Id get it looked at properly wasn't your fault , my insurance coughed up when i hit someone same as someone elses did when they hit me , that's what its there for . Be carefull who paints it has experience with your colour/finish


----------



## WhichOne'sPink? (Dec 13, 2011)

Not at all worth the hassle of going to your insurance company plus increased premiums. 

Unfortunate that its a brand new car, and I think if it were me I would want it perfect as well but not worth the insurance grief.


----------



## Avanti (Jan 17, 2006)

I took it into a bodyshop, glad I did
There is more damage to the bumper than 1st meets the eye, so an expensive repair, sadly the paint is broken





and the number plate light is dislodged


----------



## Avanti (Jan 17, 2006)

shakey85 said:


> From those pictures there doesn't look like theres any dents or paint chips and those black mark look like they will just polish straight out. If you have some scratch X or P1 (or similar) try doing a bit by had and see if it comes out. Probably best to still get it looked at by a bodyshop.


I was hoping that initiallly until I took it in for a pro view.



cole_exclusiv said:


> As said they look like they may buff out. You may of been lucky. I got a bad scuff out of my bumper with a machine polisher. Try that first?


As above 



suspal said:


> Looks like indentation definitely a quality approved bodyshop :thumb:





Rebel007 said:


> What would I do? I assume you mean after I have finished crying.....

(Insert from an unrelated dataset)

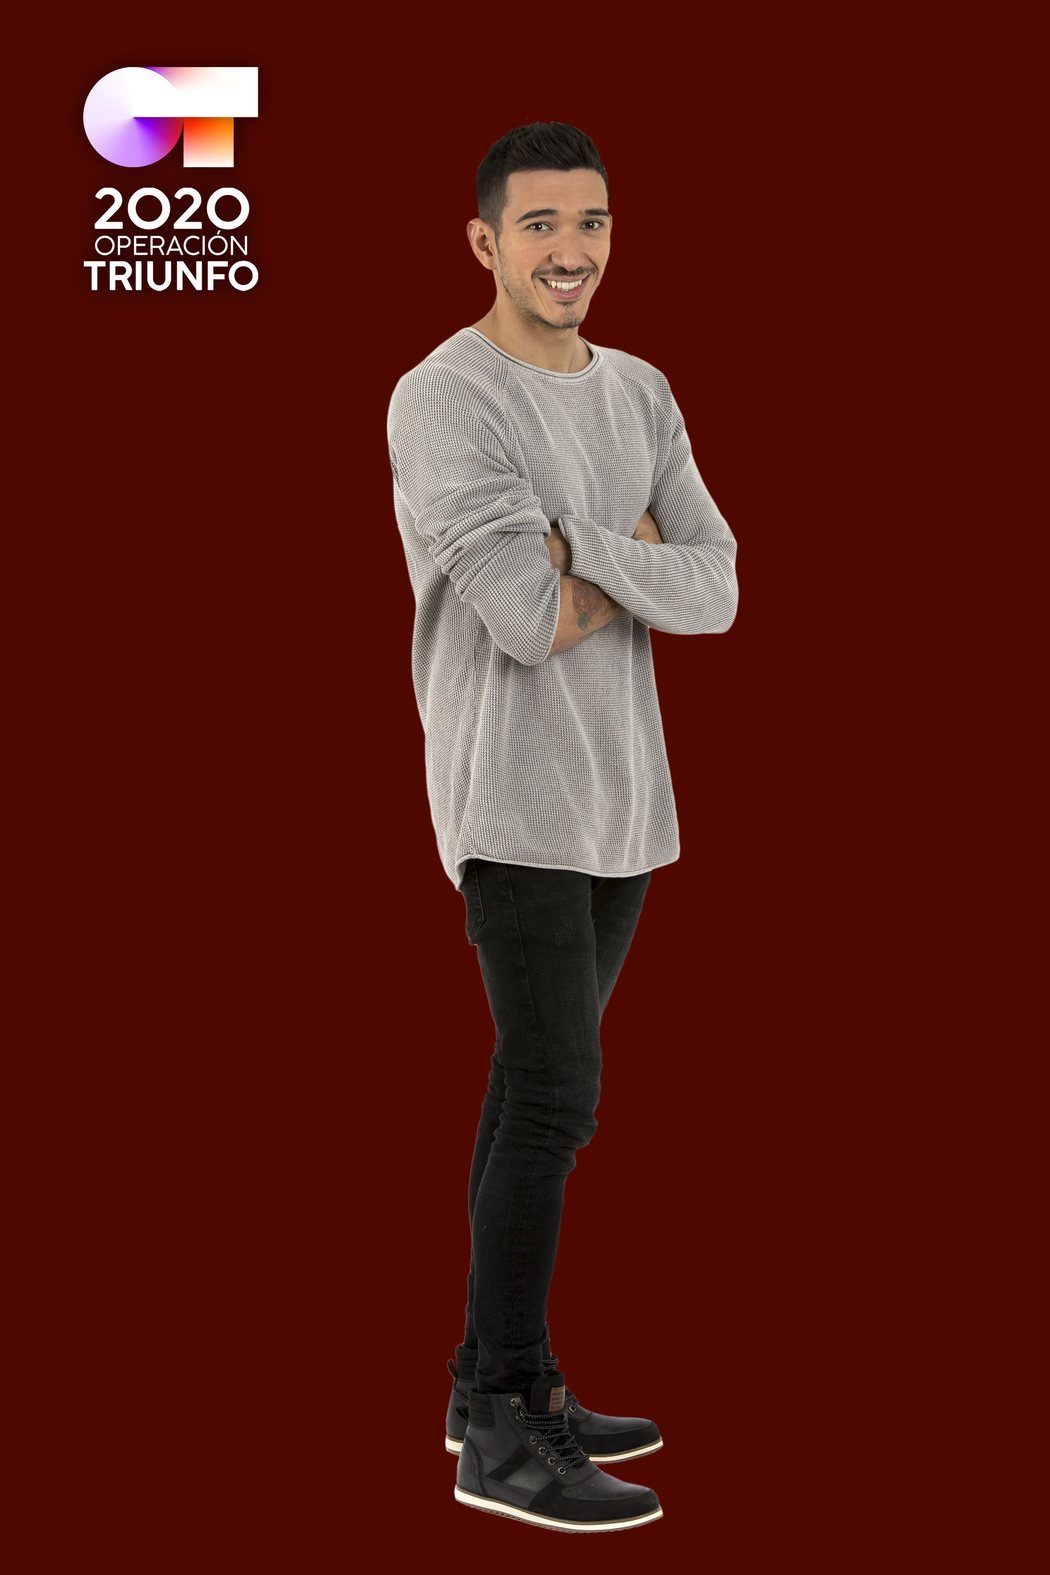 Posado de Bruno Carrasco, concursante de 'OT 2020'

Yesterday I was less fussed, but today it hit home.



Mk3Brick said:


> Definitley get it looked at mate, i had a young girl bump into the back of me last year and i felt bad cos she was scared and upset so i said dont worry about it no damage caused. I then noticed a few weeks on when i was cleaning my car that the bumper had spider cracks all over it. I shouldnt be so nice next time.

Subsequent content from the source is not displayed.